Casey falls silent again. He is starting to look like an old man again. These memories have been inside him for so long. In many ways they are what has sustained him all of these years and given him such a long life. These memories burned within him and fueled him to succeed. However, something can only burn for so long. Like a sun when it has run out of fuel these memories are now collapsing in on him and turning parts of him into a black hole.

“I lost most of my friends. Hardly any of the men I joined up with and who I knew from my school days made it back with me. Most of them died from bullets and explosions. The rest of them died from disease and the unsanitary conditions. I have never seen as much blood as I saw then. I saw enough blood to last a lifetime.”

His eyes come open at last. The blue in them seems faded now. Grady can tell that the time for his death is coming soon. Grady can almost smell death or see its shape in the corner. The aura around him is nearly as black as coal. The spark behind his irises is starting to fade. Grady cannot be sure when it is coming but he suddenly fears that Sharon may be at the hospital when her beloved great-grandfather passes away.

“I know you can see something, Grady. I can feel it, you know. I can tell my time is very close. It feels like I am winding down like and old watch someone has forgotten to wind. I am not upset by that. I know you are here and I am confident in your abilities. When you live as long as I have you get bent and stooped and I think that may be because of all of the memories you carry with. I have so many memories. I also have had a lot of time to commit a lot of sins in my time and those stoop you too. I am ready to unburden myself from those sins.”

“You are a good man, Casey. Whatever it is you may have done you have done so much since that time to make up for it. I hope you realize that. I am honored to be here to help you in this.”

“You say that before you get a chance to see what my sins are, Grady. Don’t pat me on the back too much just yet.”

Casey lets out a huge sigh. He turns to face the window. The view is spectacular, as always.

“I do love that view. I do love this country. I just wish Sharon could be here. She will be upset that she missed this. You will do what you can to make her feel better, won’t you?”

“I’ll do my best, Casey.”

Casey nods and lets his eyes slip closed. Grady closes his and does what he can to clear his mind. He envisions his white room. He breathes steadily in huge breaths. He wishes he had something to eat to help him focus. He sees the white room and he sees the familiar black dot at the far end and he knows that Casey is there burdened by his sins and is waiting for him.
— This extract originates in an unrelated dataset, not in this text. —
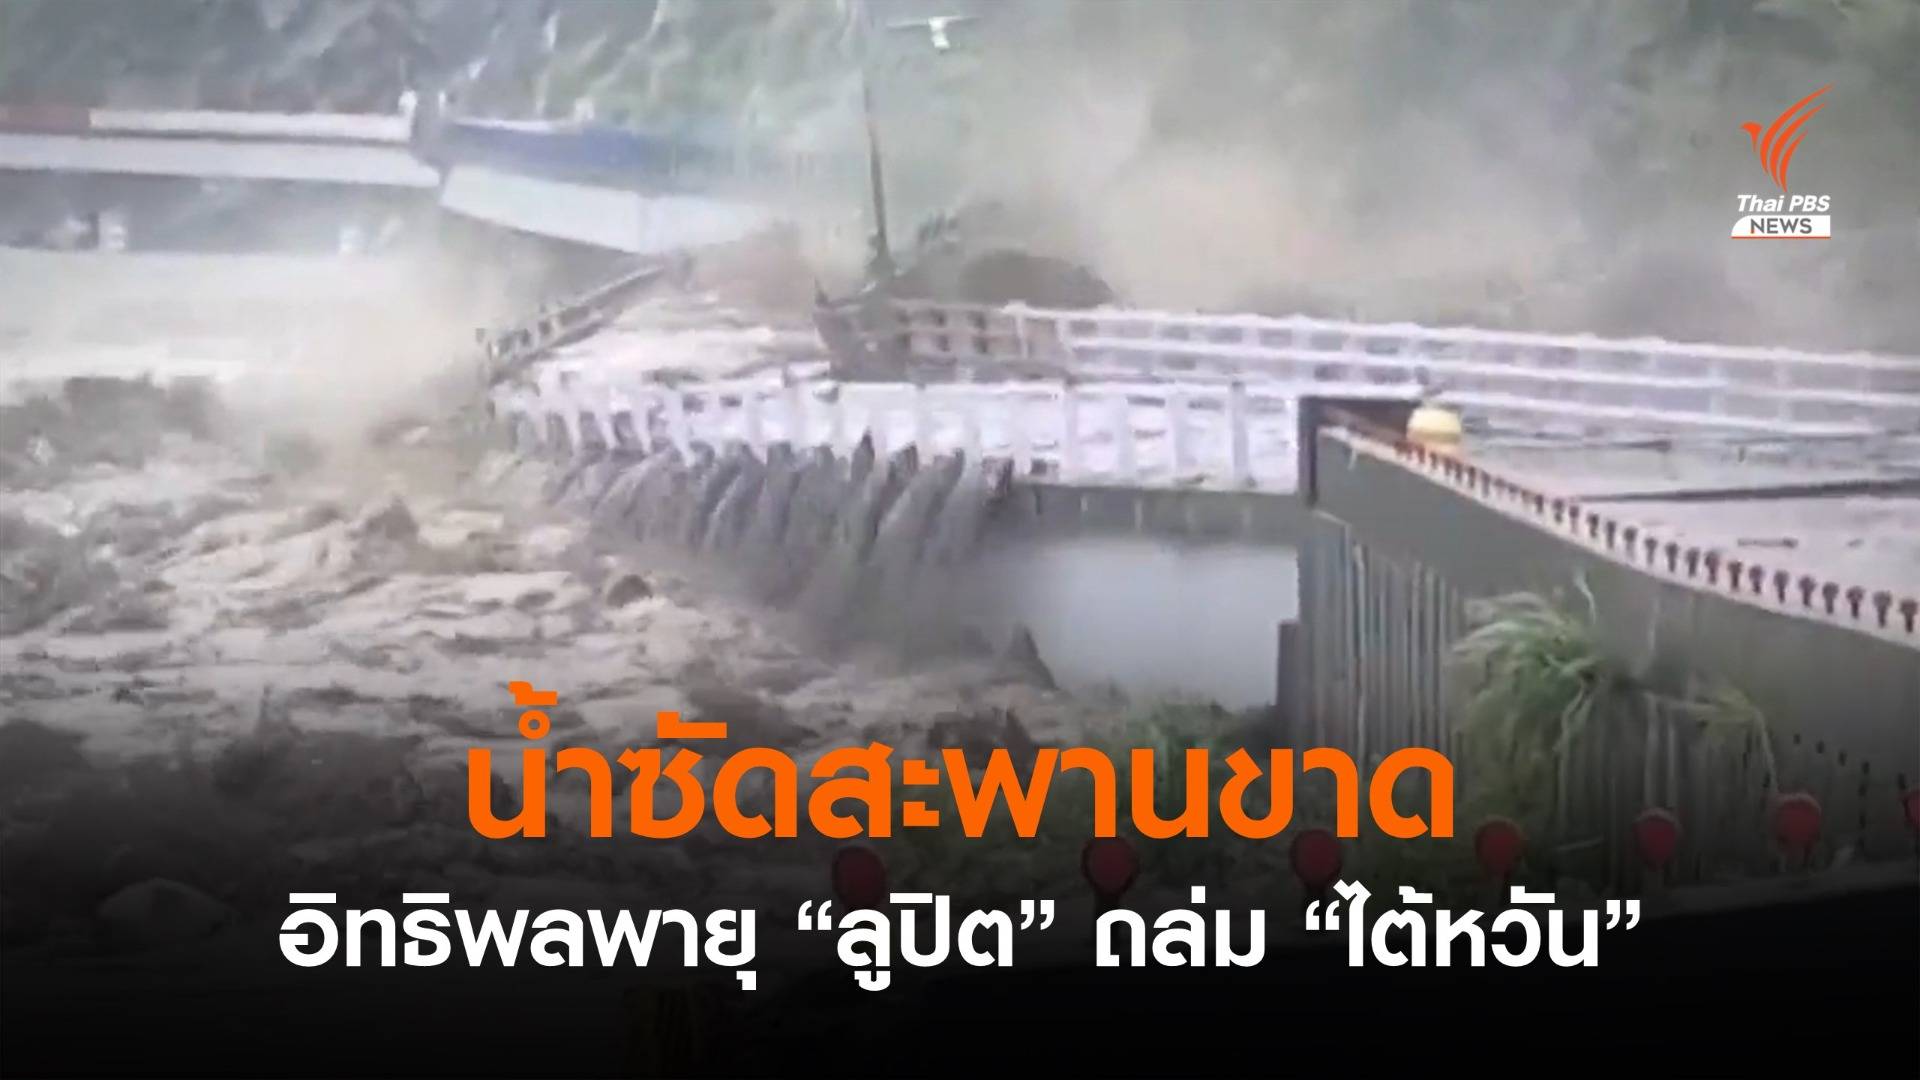 น้ำซัดสะพานขาด หลังพายุ "ลูปิต" ถล่มไต้หวัน 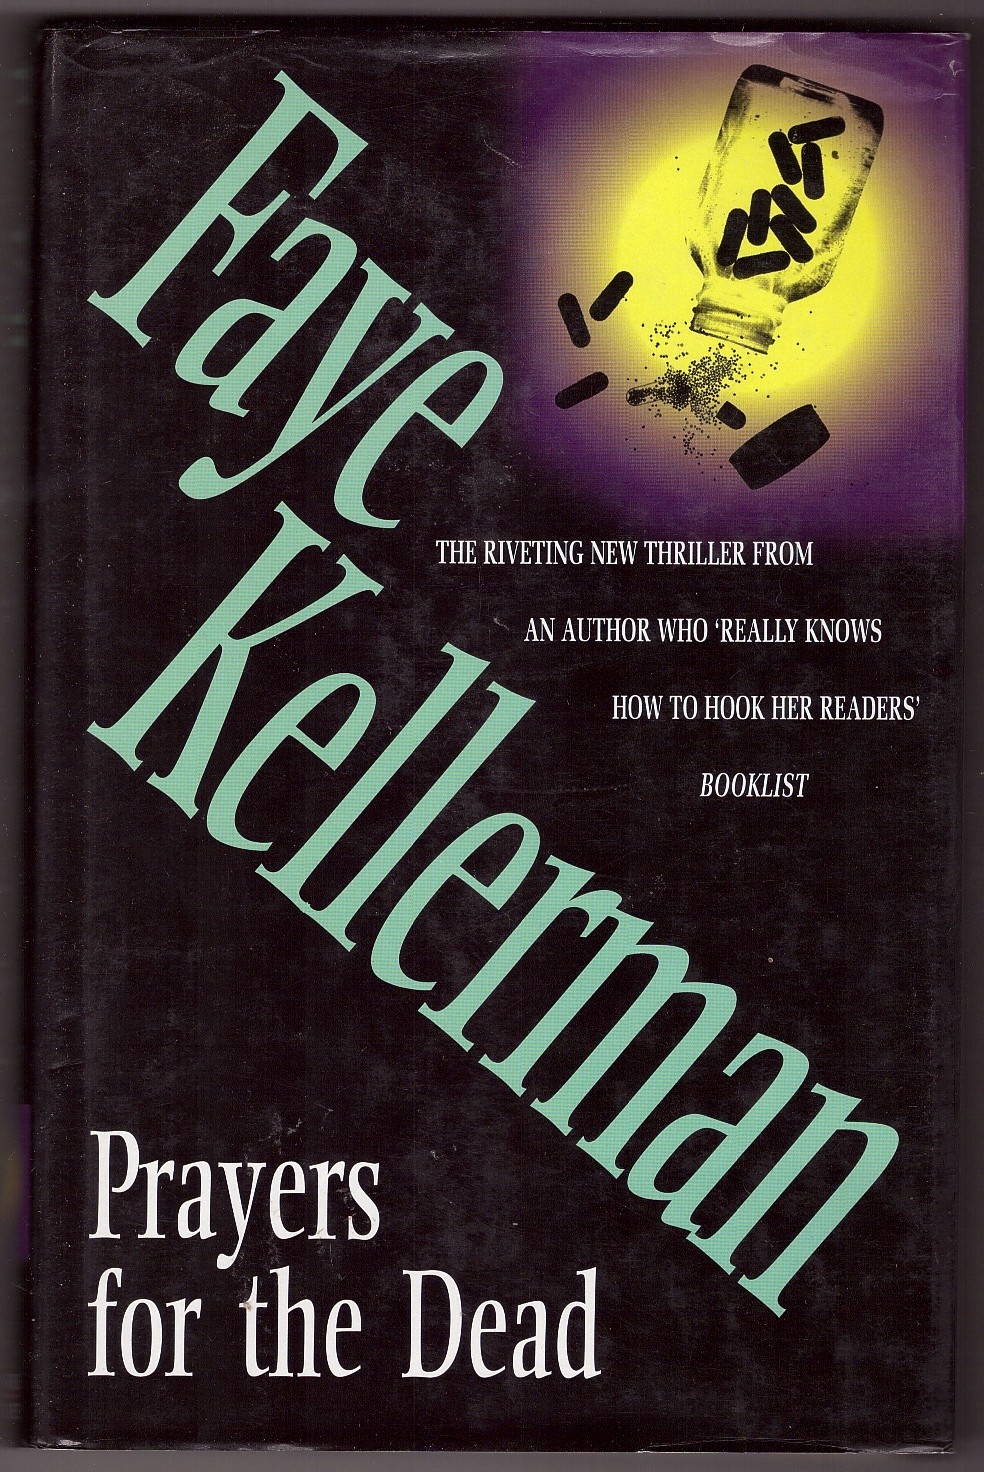 KELLERMAN, FAYE - Prayers for the Dead

Beside him, in his bed, surrounded by his home and his possession, Casey Libby’s breath falters. He takes in another breath. This one comes out in a ragged sigh. There is a long pause and then another ragged breath comes. Casey lets out a small moan. The breath catches in his throat. His mouth comes open. His eyes stay closed and his chin slowly falls to the side. His breath comes out slowly. There is not another breath for him after that one.

Inside his mind and within the white room where he envisions his power and his abilities Grady stands and faces the blackness at the far end. He extends his arms to either side. The blackness rushes forward toward him with the force of a freight train.